**WHAT IS EXPECTED**. Reproduce the data exactly as given, except for any images.

**RECORDED INFORMATION**.
Start of Block
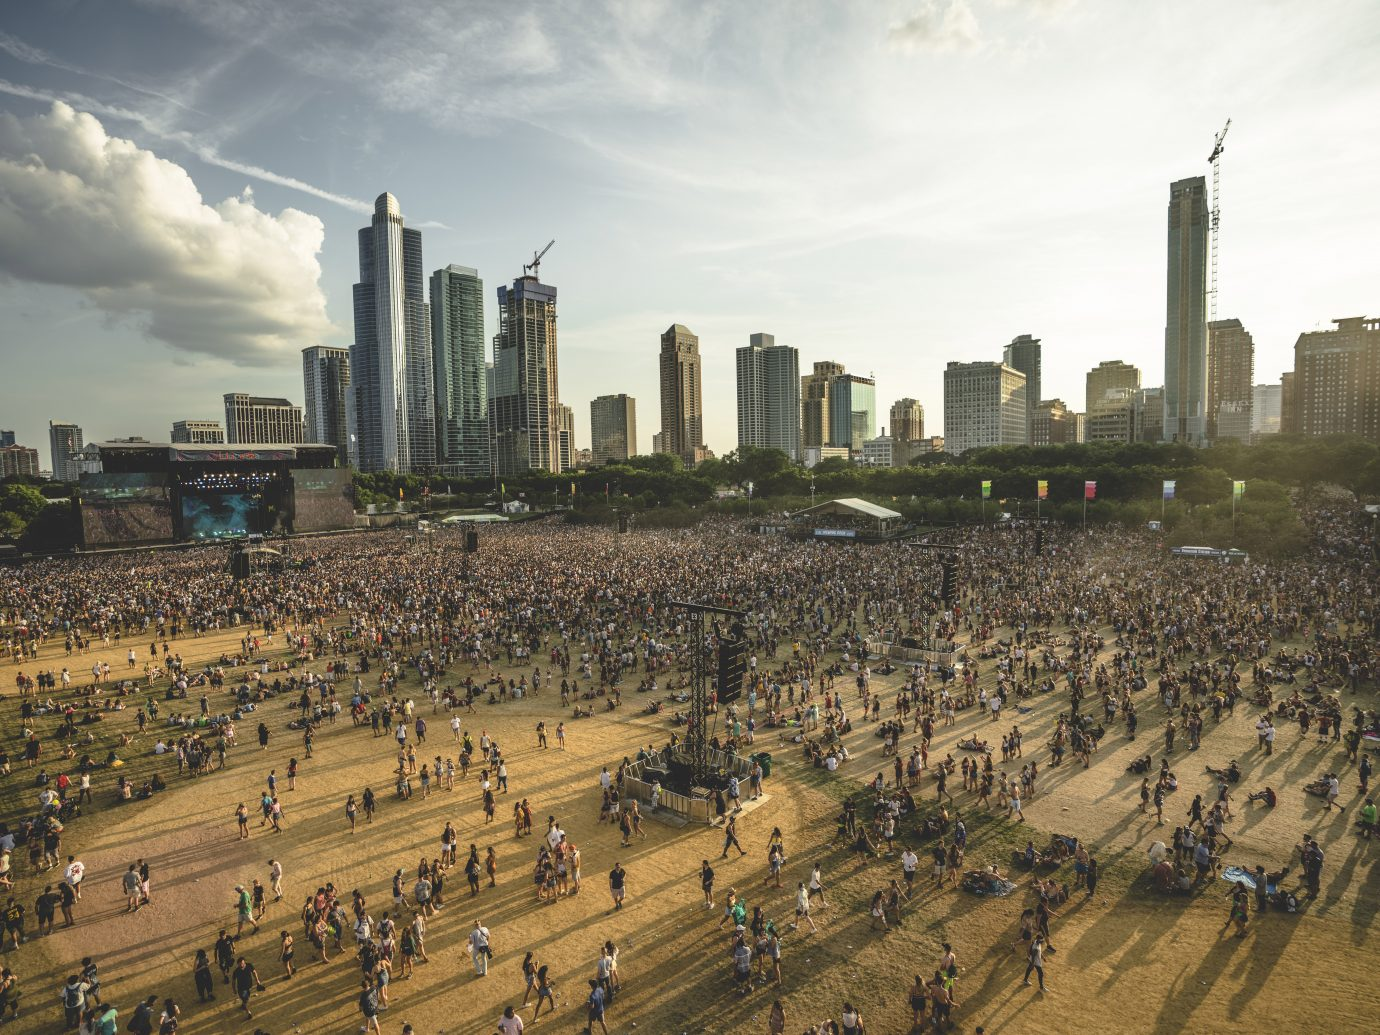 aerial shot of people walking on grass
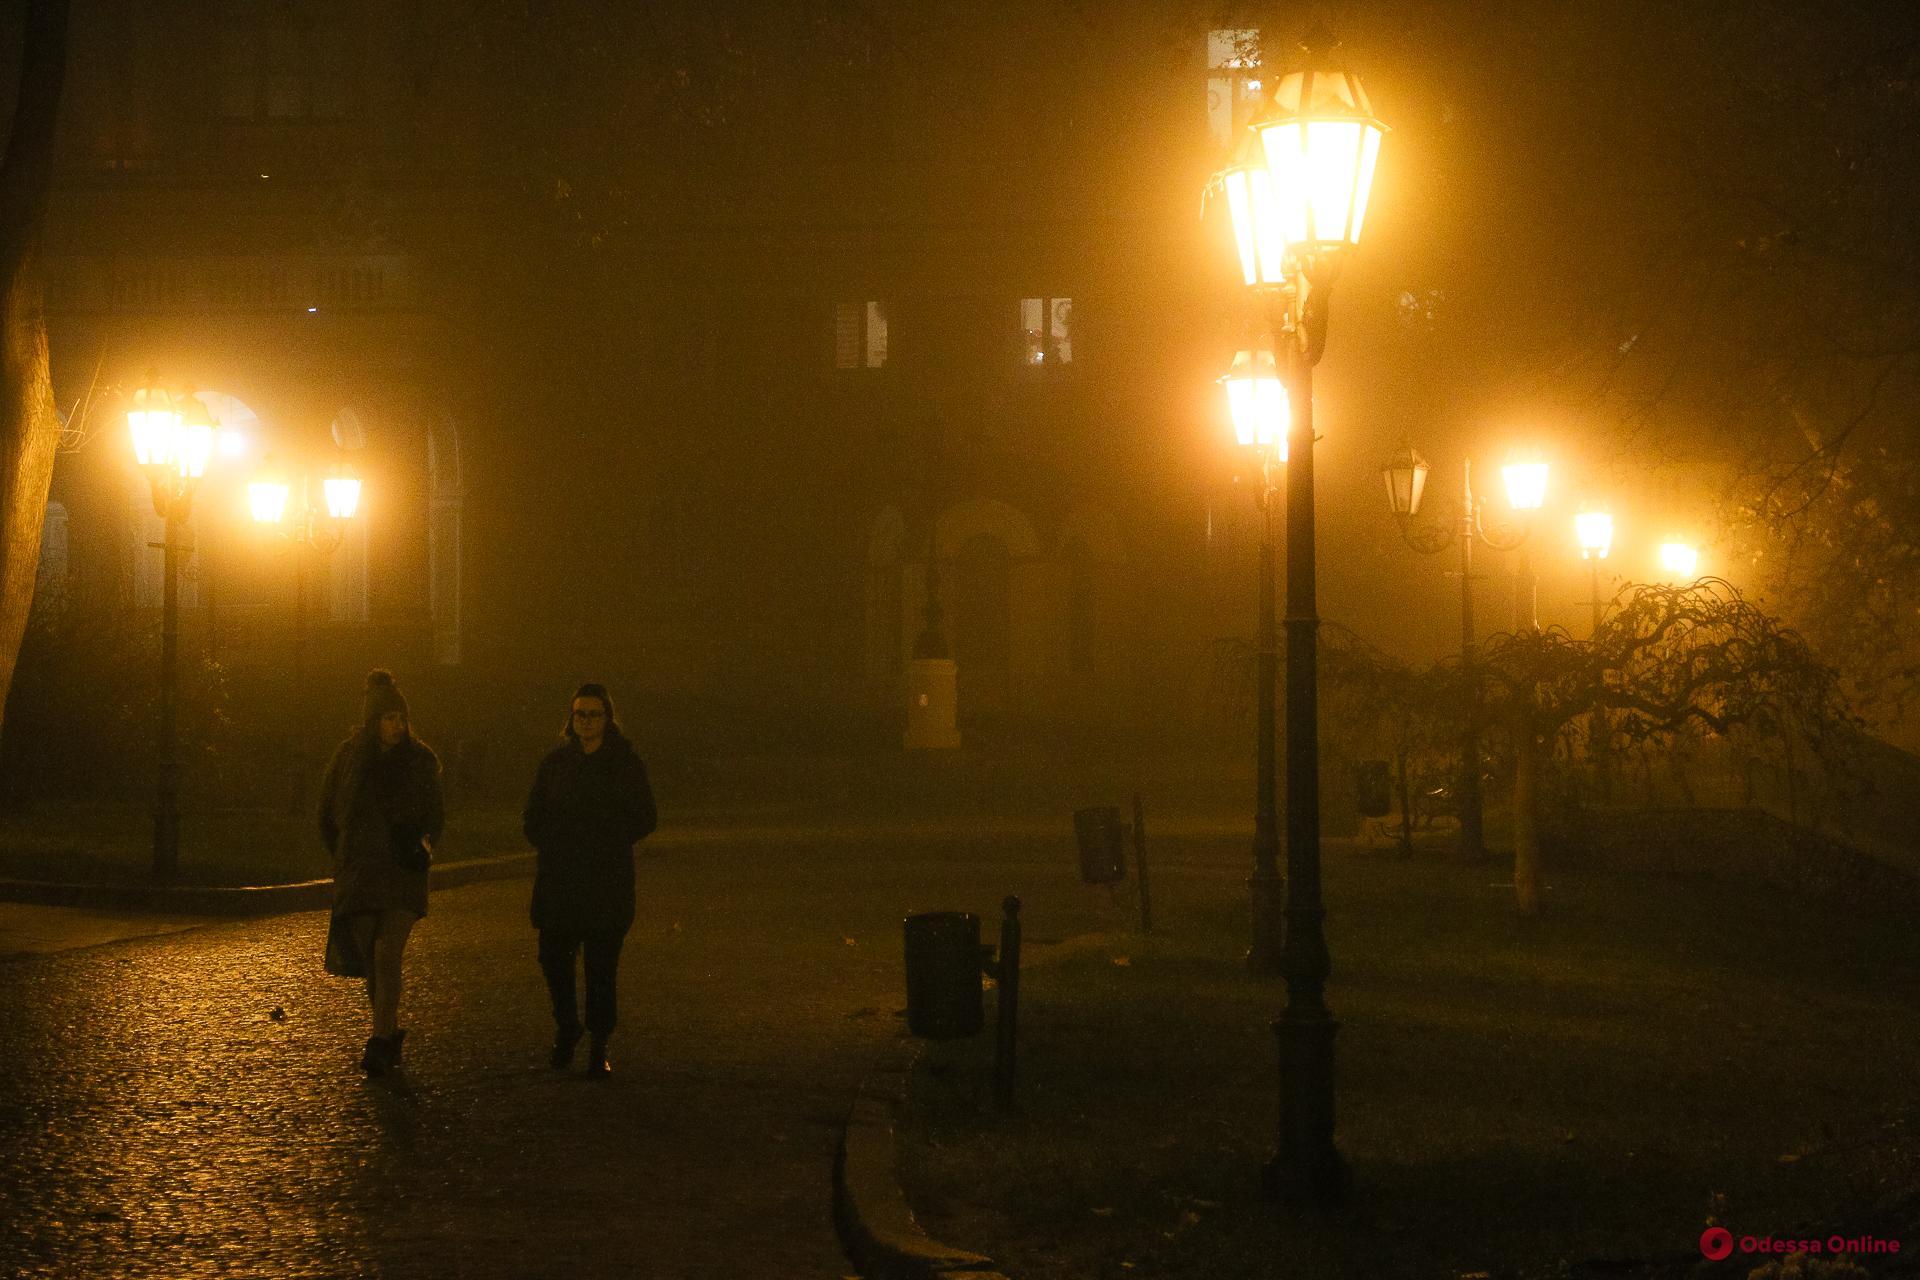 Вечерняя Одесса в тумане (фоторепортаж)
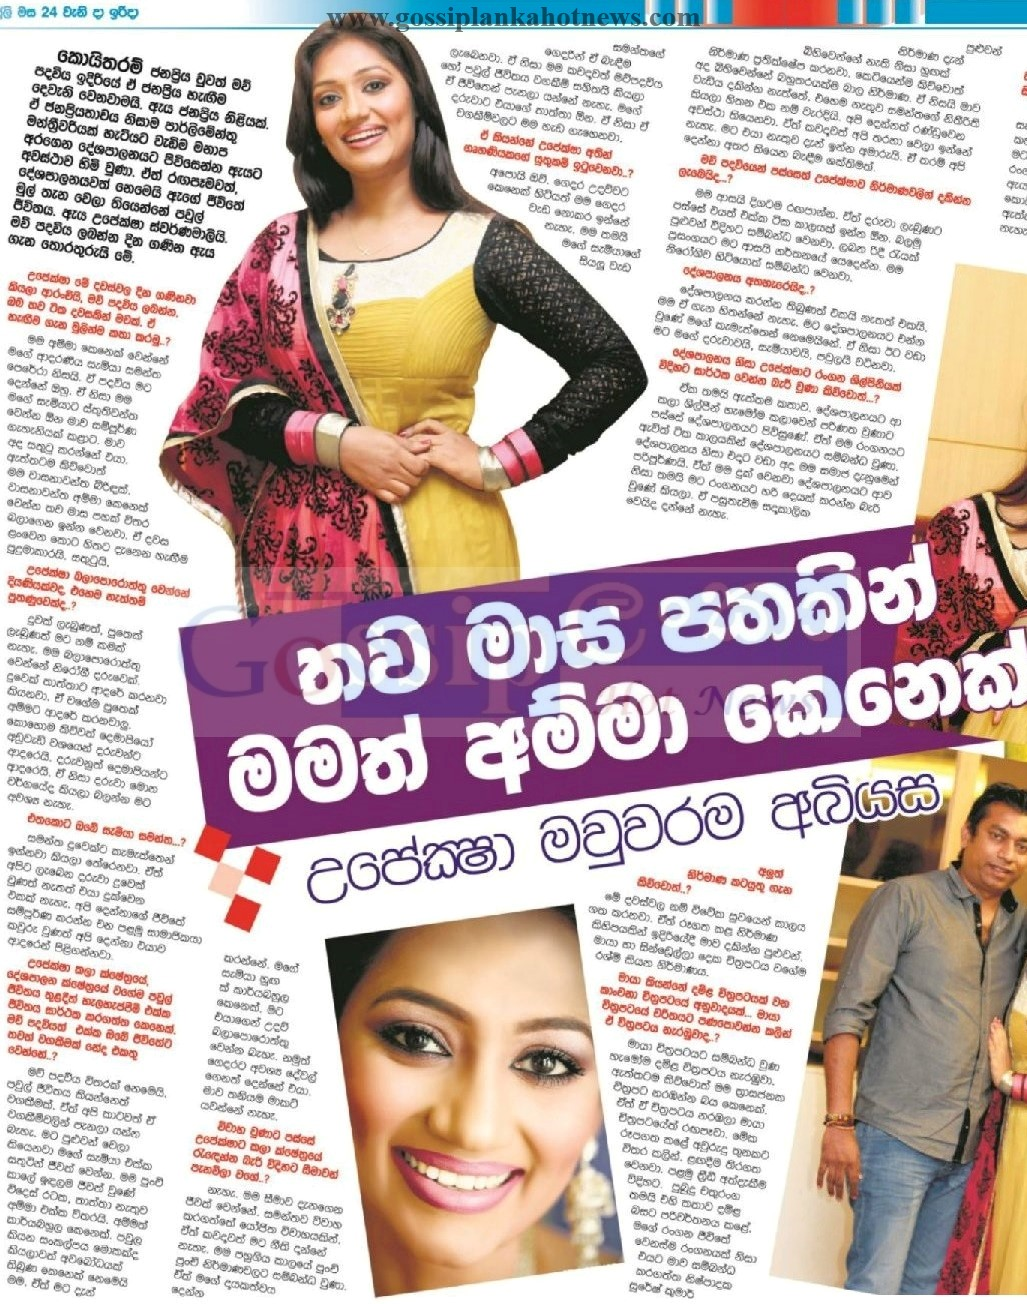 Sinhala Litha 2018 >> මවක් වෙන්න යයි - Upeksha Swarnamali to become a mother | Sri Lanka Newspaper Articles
End of Block
**THE COMPLETED TASK**.
 aerial shot of people walking on grass
 Вечерняя Одесса в тумане (фоторепортаж)
 Sinhala Litha 2018 >> මවක් වෙන්න යයි - Upeksha Swarnamali to become a mother | Sri Lanka Newspaper Articles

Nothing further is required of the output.